RE: Email

["Jos Osborne" <Jos () meltemi co uk>]

> ok ... the click click social engineering vulnerable
> operating system everone seems to target... isnt it
> file extension based ? .... very explotable ...but
> also quite simple to change the extension 
>
> why isnt a "defanger" standard on all mail gateways ?
>
> guess im just not exposed to stupid on a corporate
> scale

Most ISP's wouldn't touch the concept of being responsible for their client's e-mail security with a 10' barge pole. 
Apart from the obvious technical issues - they'd need an AV scanner to check the mail that would have to be capable of 
dealing with serious volumes - there are also issues of liability if anything doesn't work (I'm thinking along the 
lines of the medical court cases that have come up where doctors have been sued for not using the most advanced 
equipment that existed regardless of whether they actually had that equipment available at the time).
Add to this privacy issues - they have to open up the e-mail to scan it - and you end up with a fairly horrible problem.

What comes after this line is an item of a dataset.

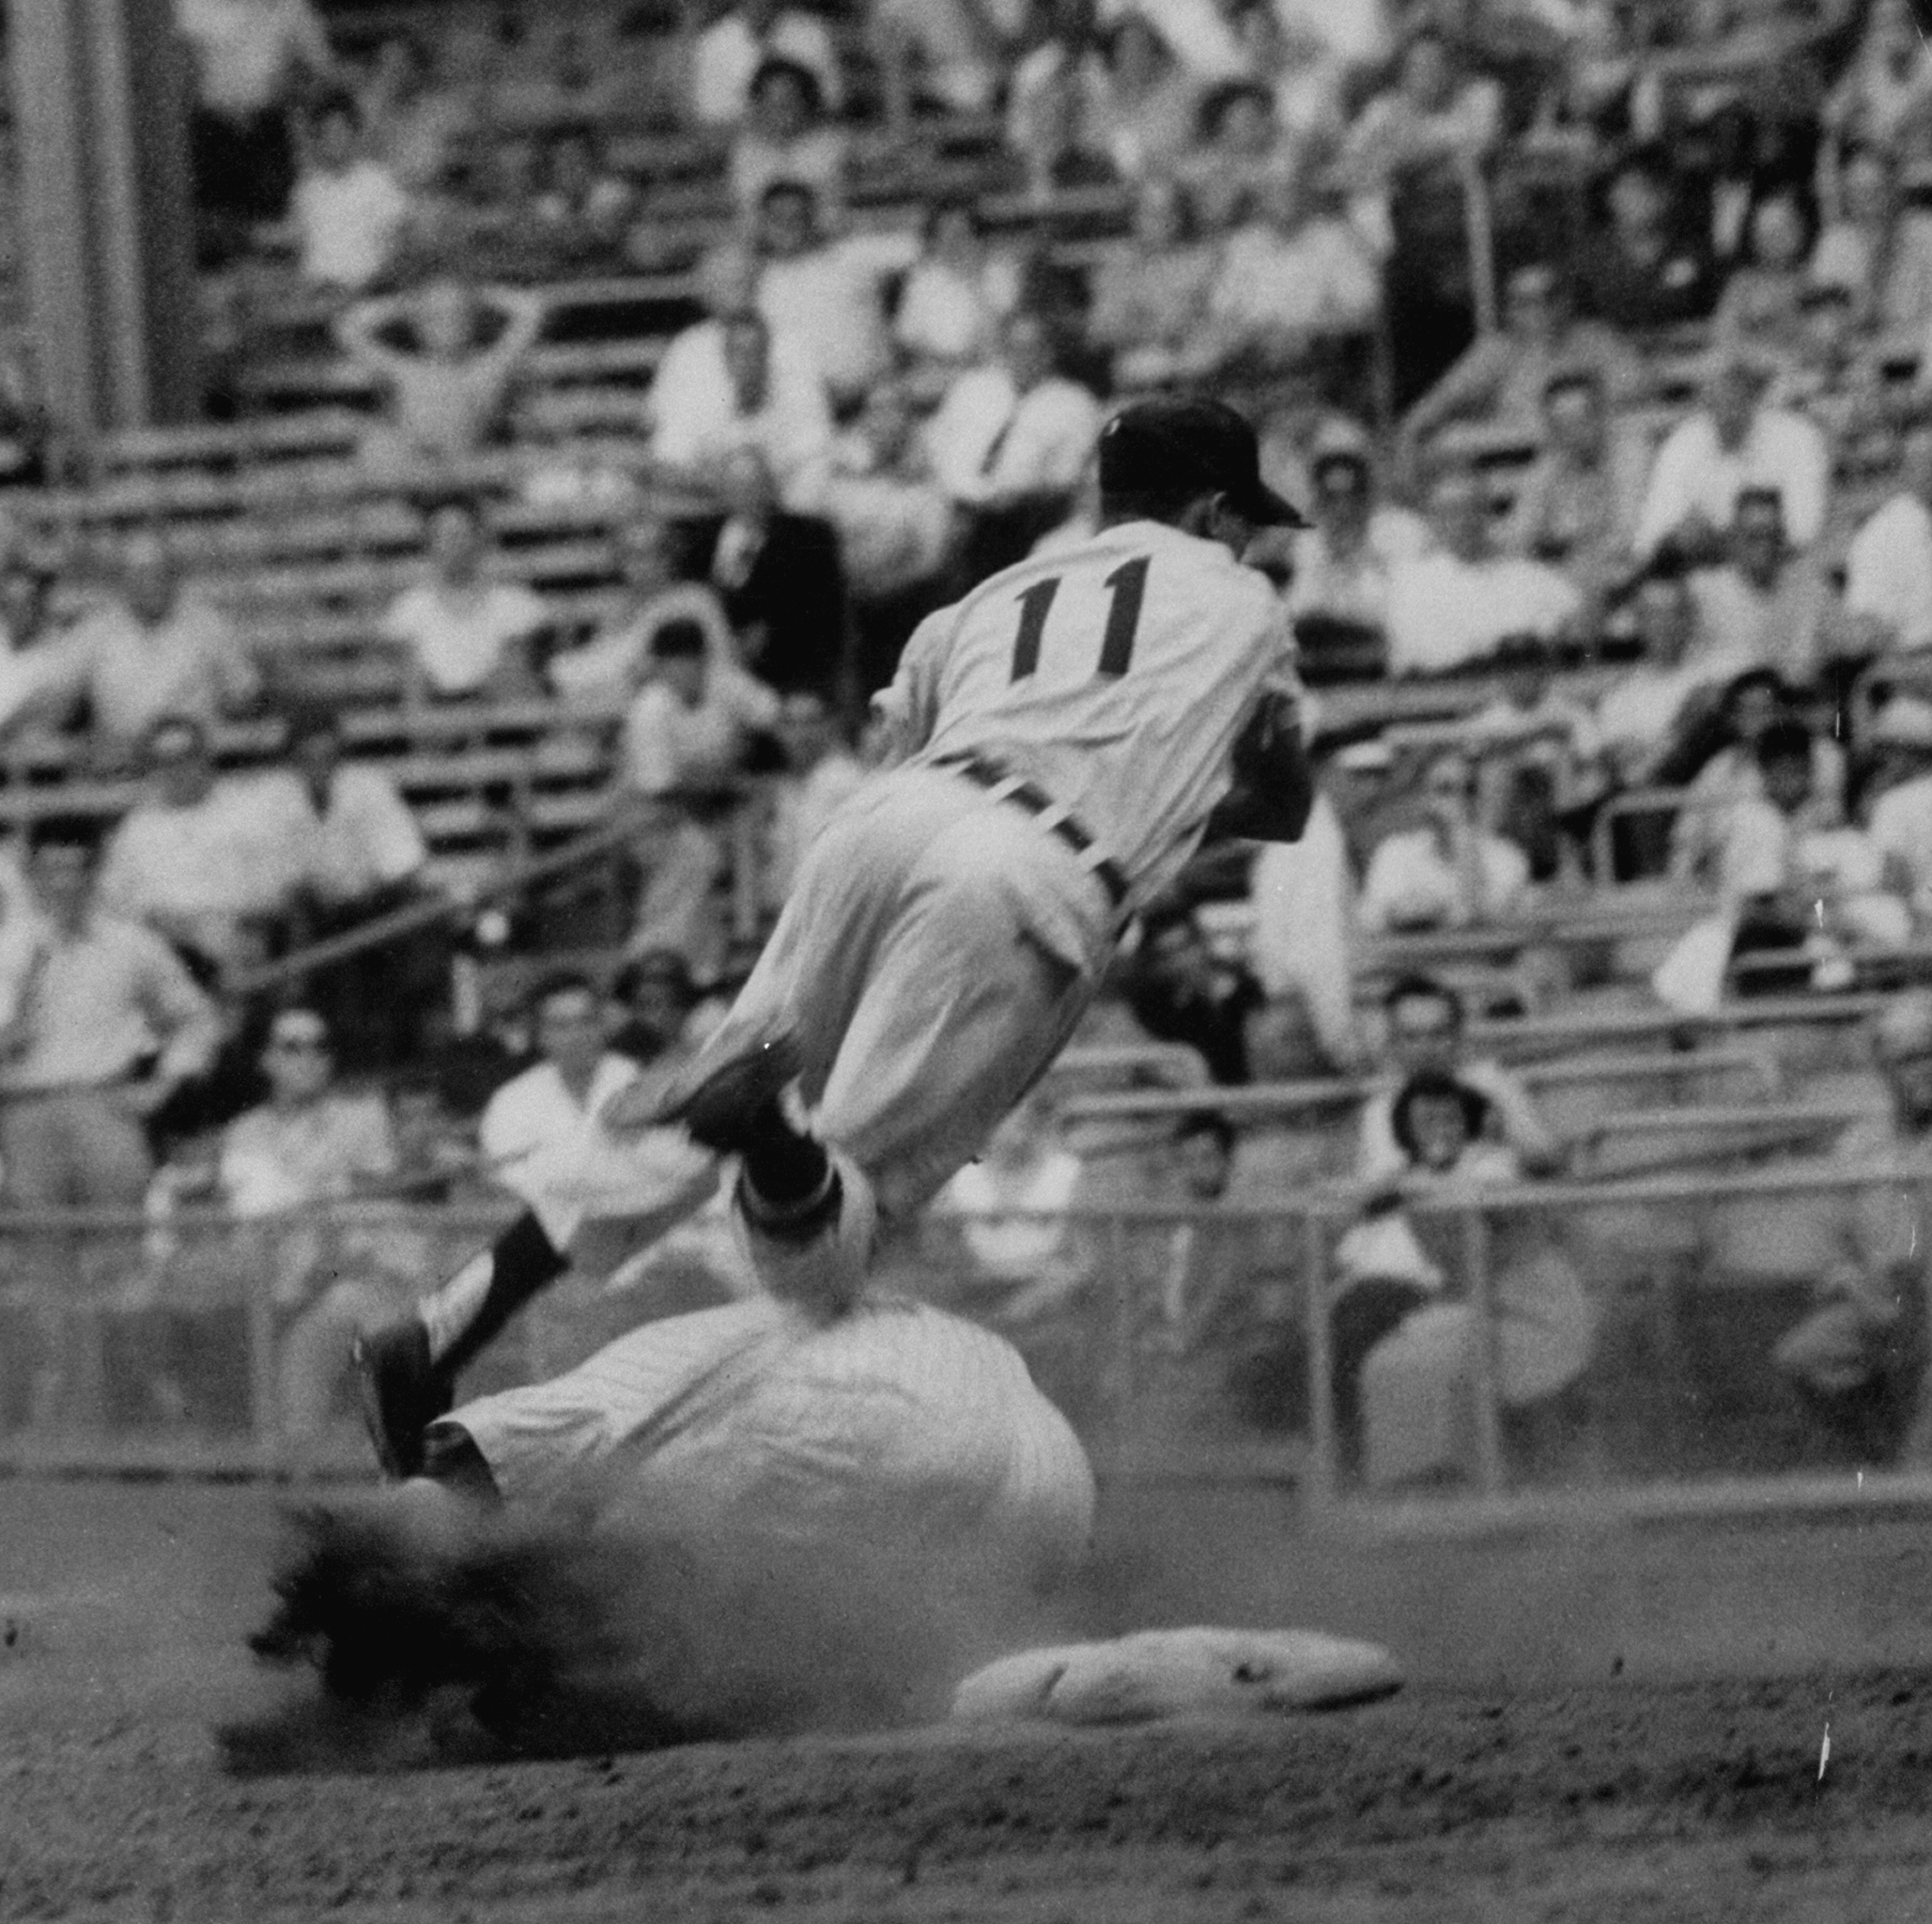 Mickey Mantle slams into Luis Aparicio's feet while sliding into second, June 1956.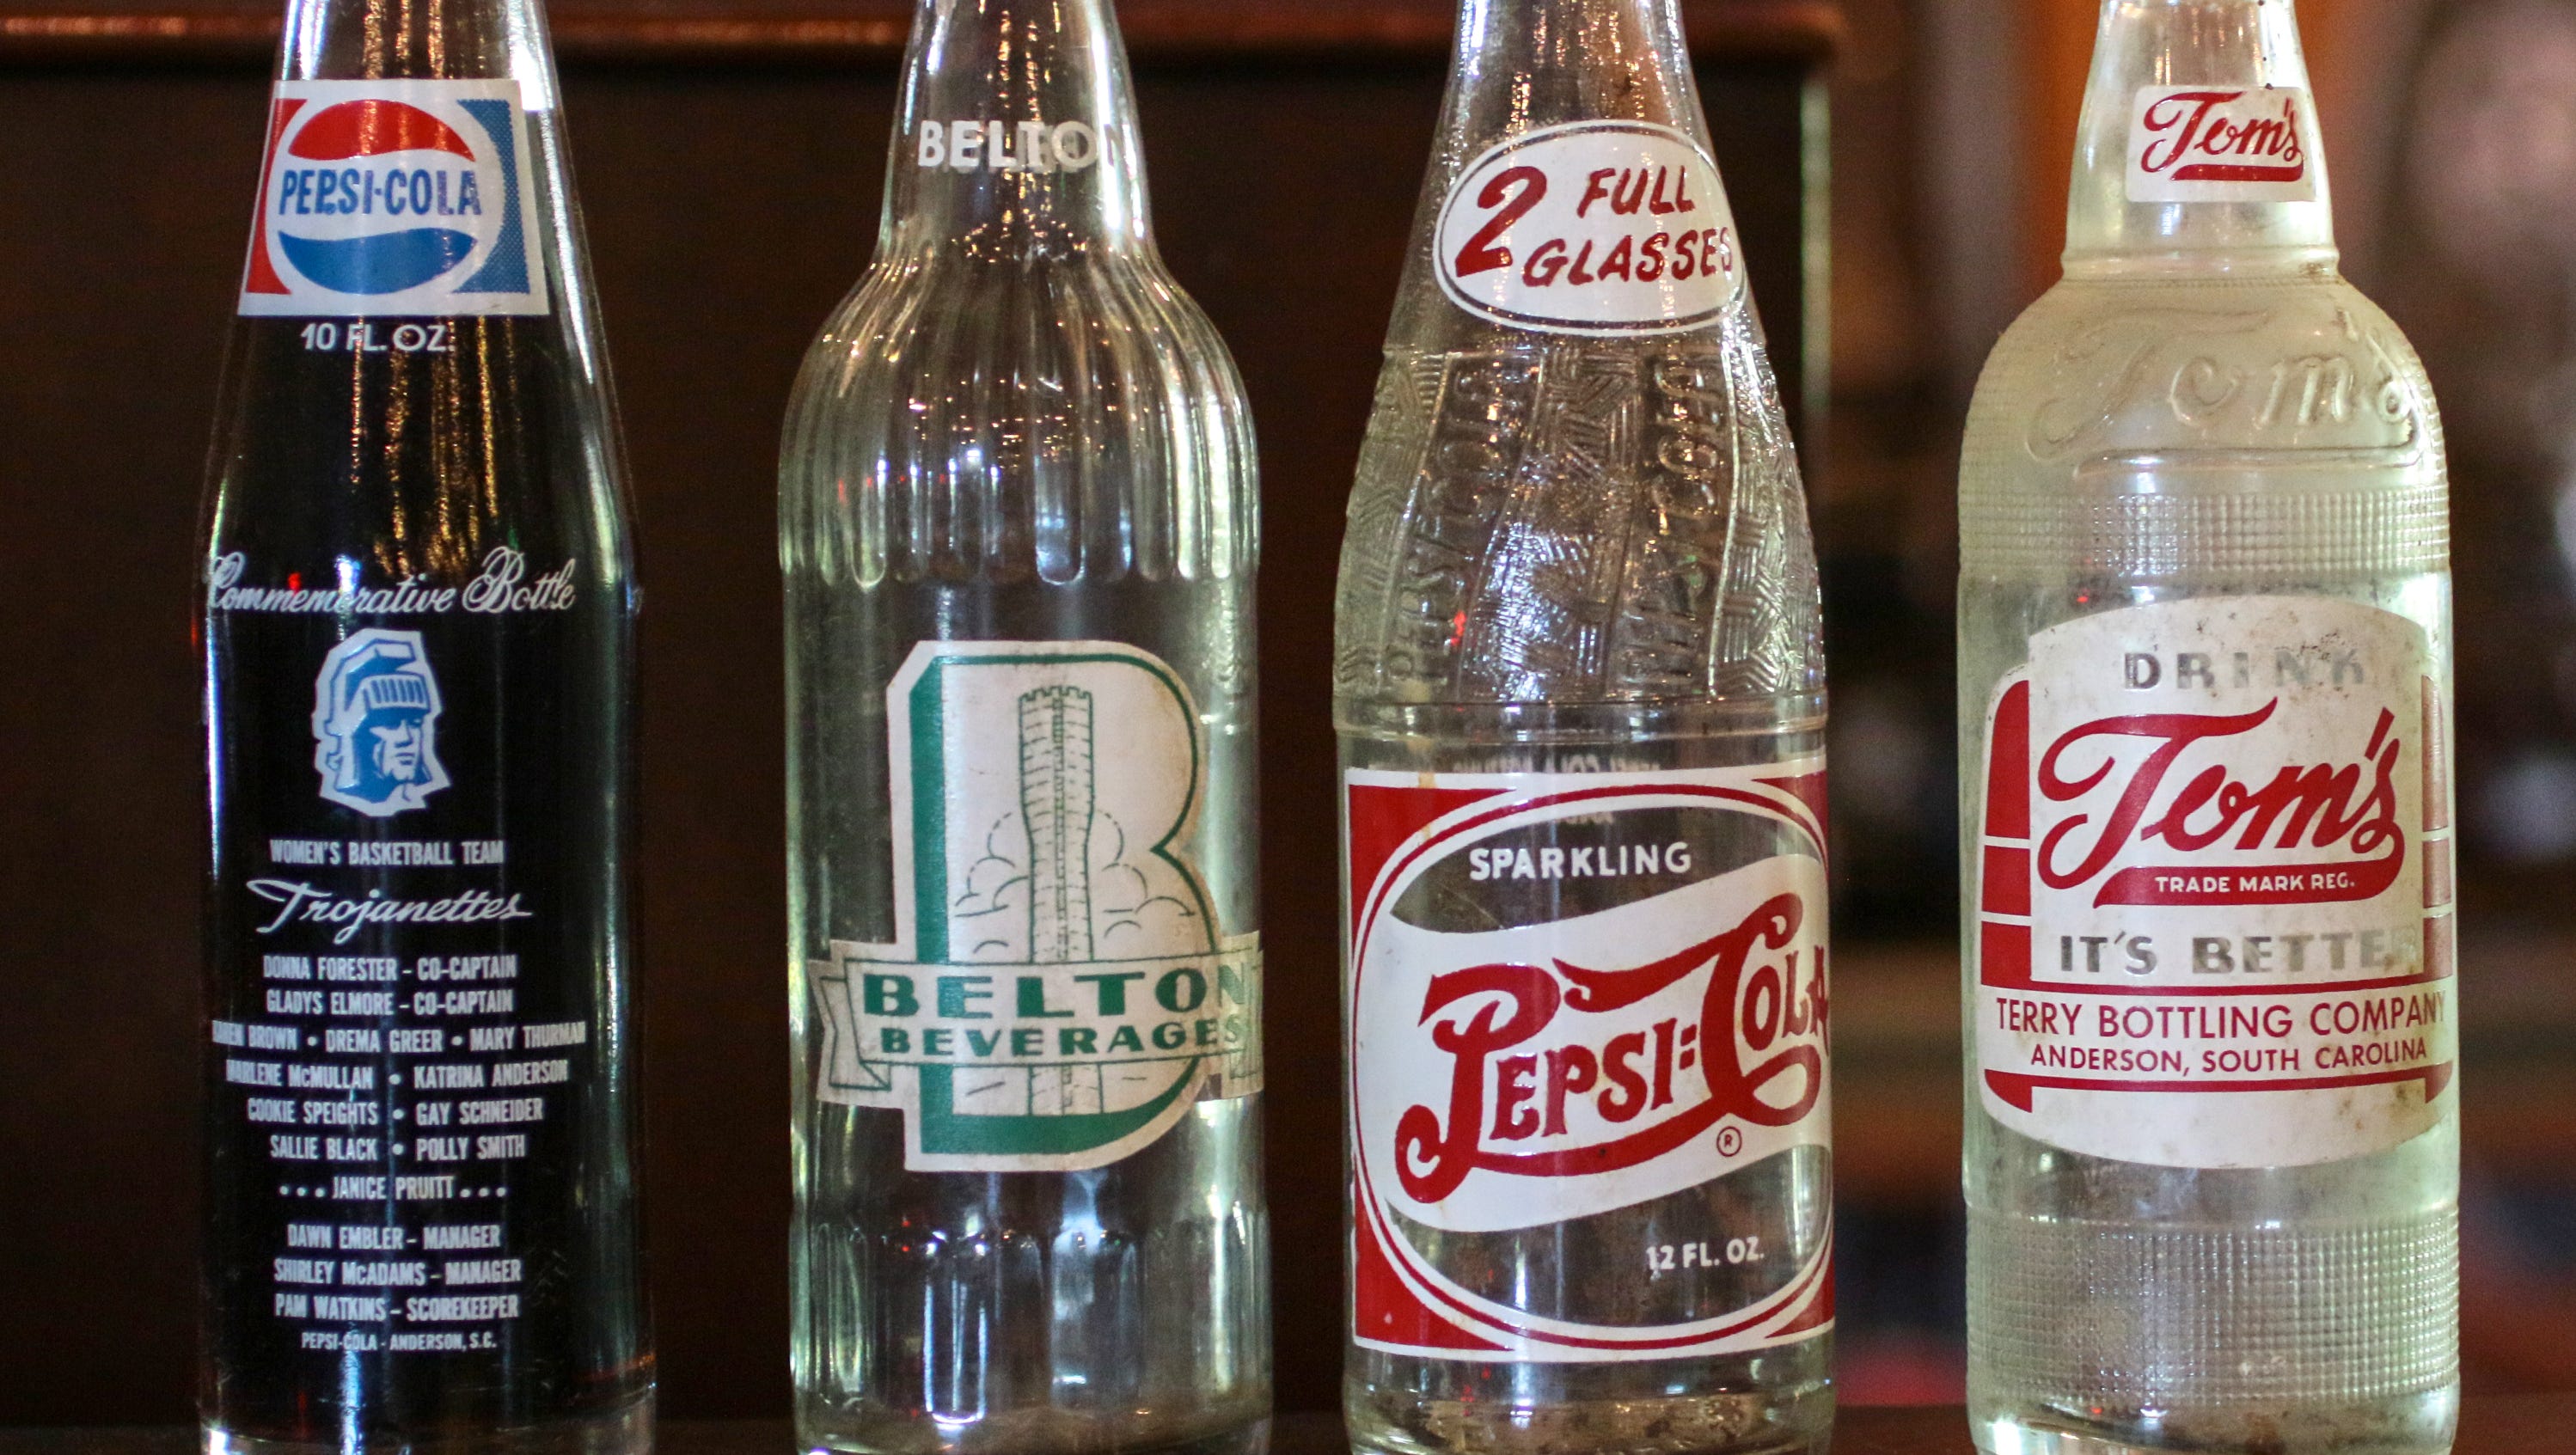 Pepsi cola bottles collectors guide

Security from viruses is a many-layered problem. As regards the current outbreak, we haven't been hit because :

a) I found out about it from several sources early on and uploaded new AV signatures immediately

b) the one copy that came through in a format not recognised by our AV was caught by a user who actually listened to my 
monthly warnings about strange attachments from people you don't know, who forwarded it on to me for checking. Within 1 
hr of my confirming that it was the virus the MD had sent an e-mail around reminding everyone about virus safety.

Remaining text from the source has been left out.